**Goal of the exercise:** From the line below containing "YANXUAN Mount Huang" to the final line, print each line exactly as written. No pictures belong in the copy.

**Raw data:**
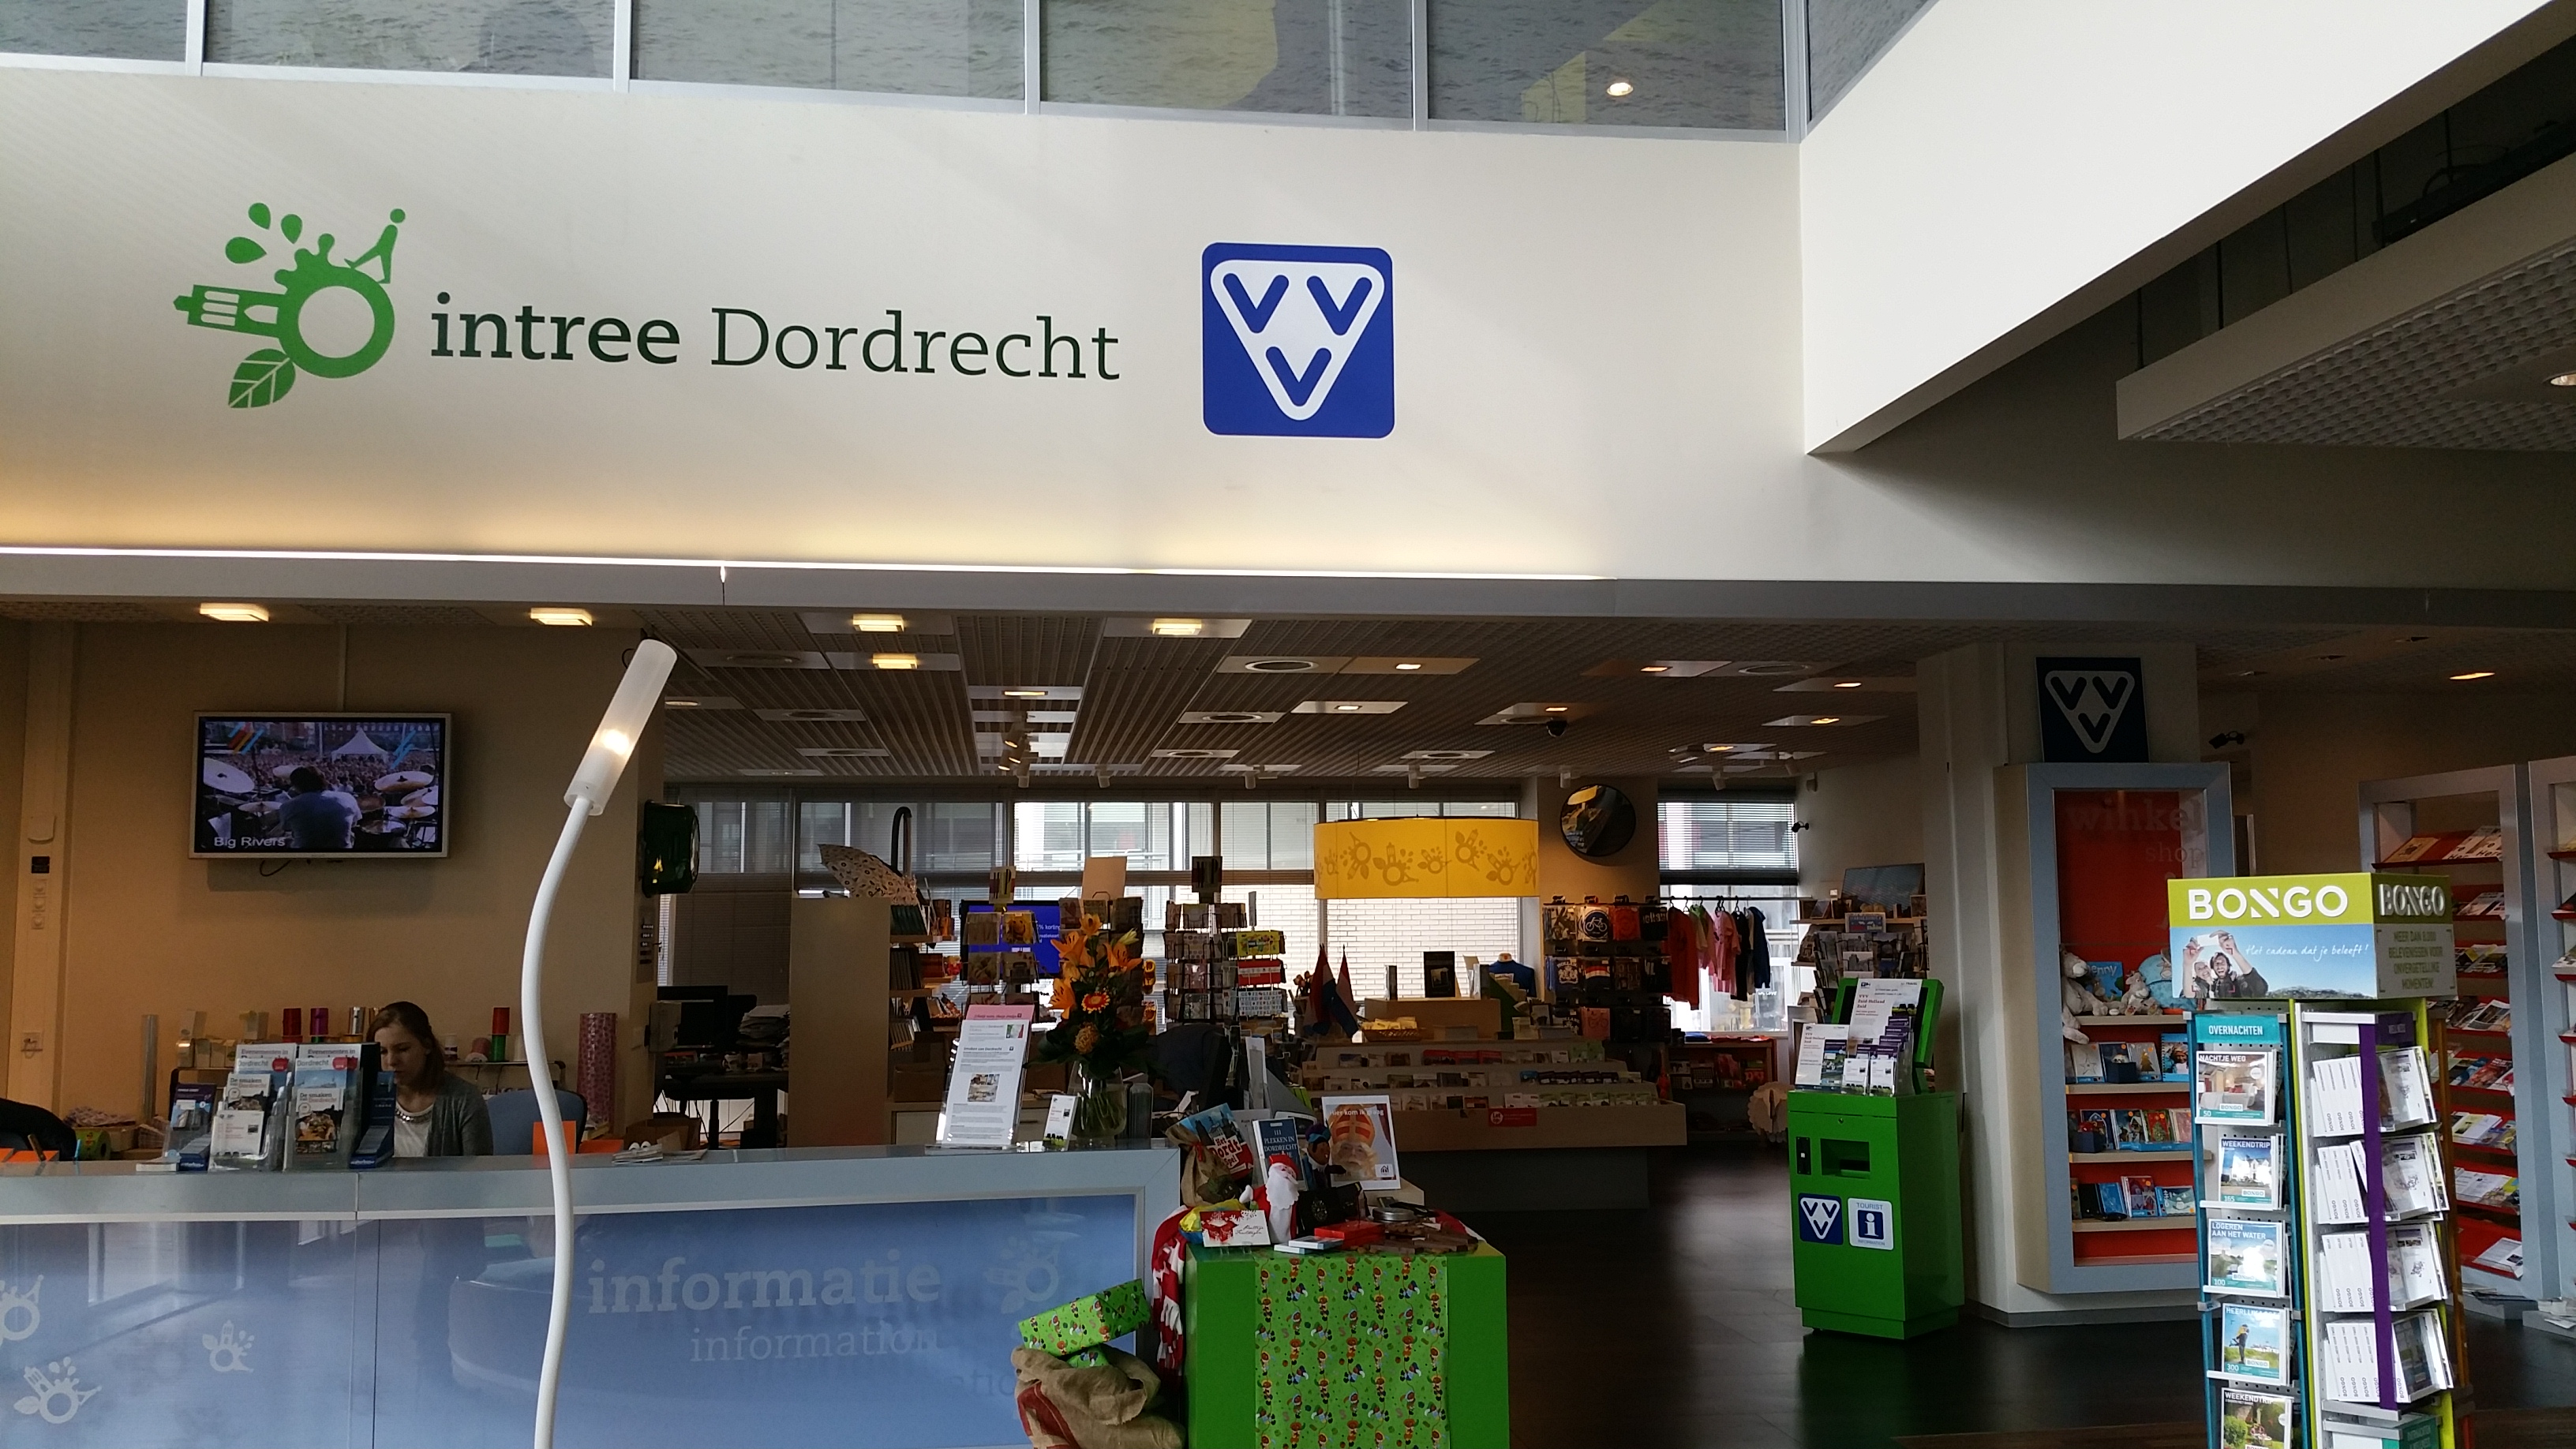 Intree Dordrecht (VVV)
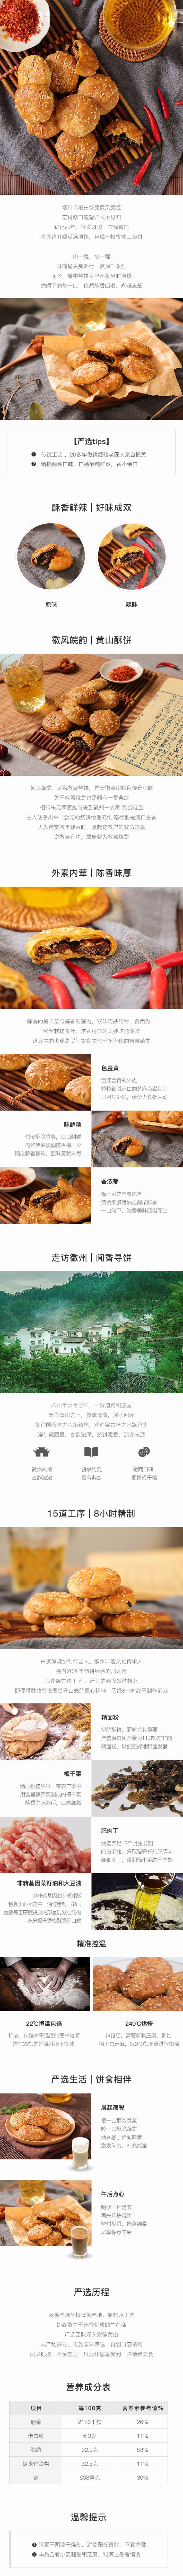 YANXUAN Mount Huang Clay Oven Rolls (Original Flavor 21g*8)
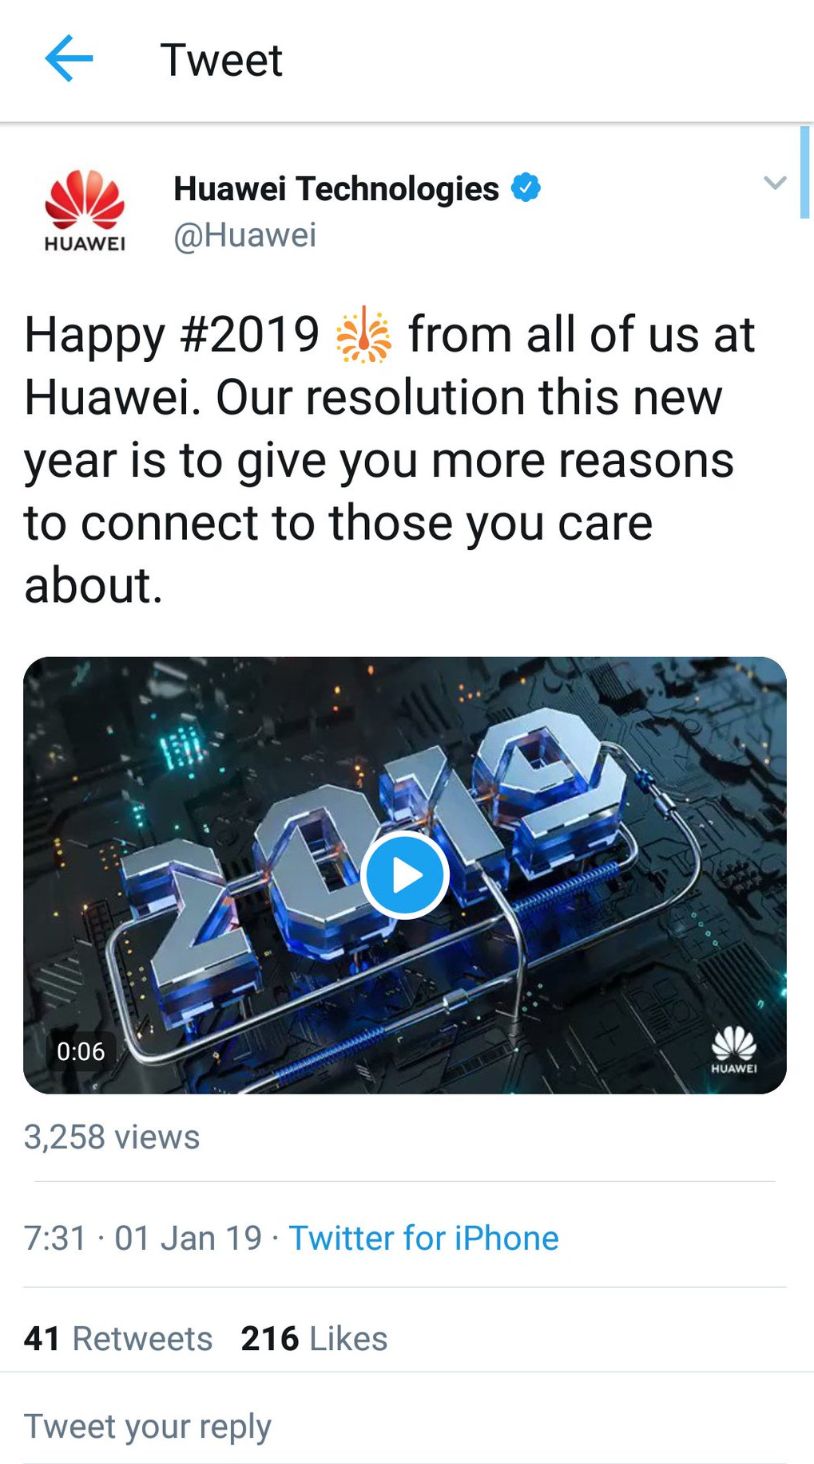 Pracovník společnosti Huawei poslal tweet z iPhonu. Přišli o pozici i peníze

**Exercise output:**
 YANXUAN Mount Huang Clay Oven Rolls (Original Flavor 21g*8)
 Pracovník společnosti Huawei poslal tweet z iPhonu. Přišli o pozici i peníze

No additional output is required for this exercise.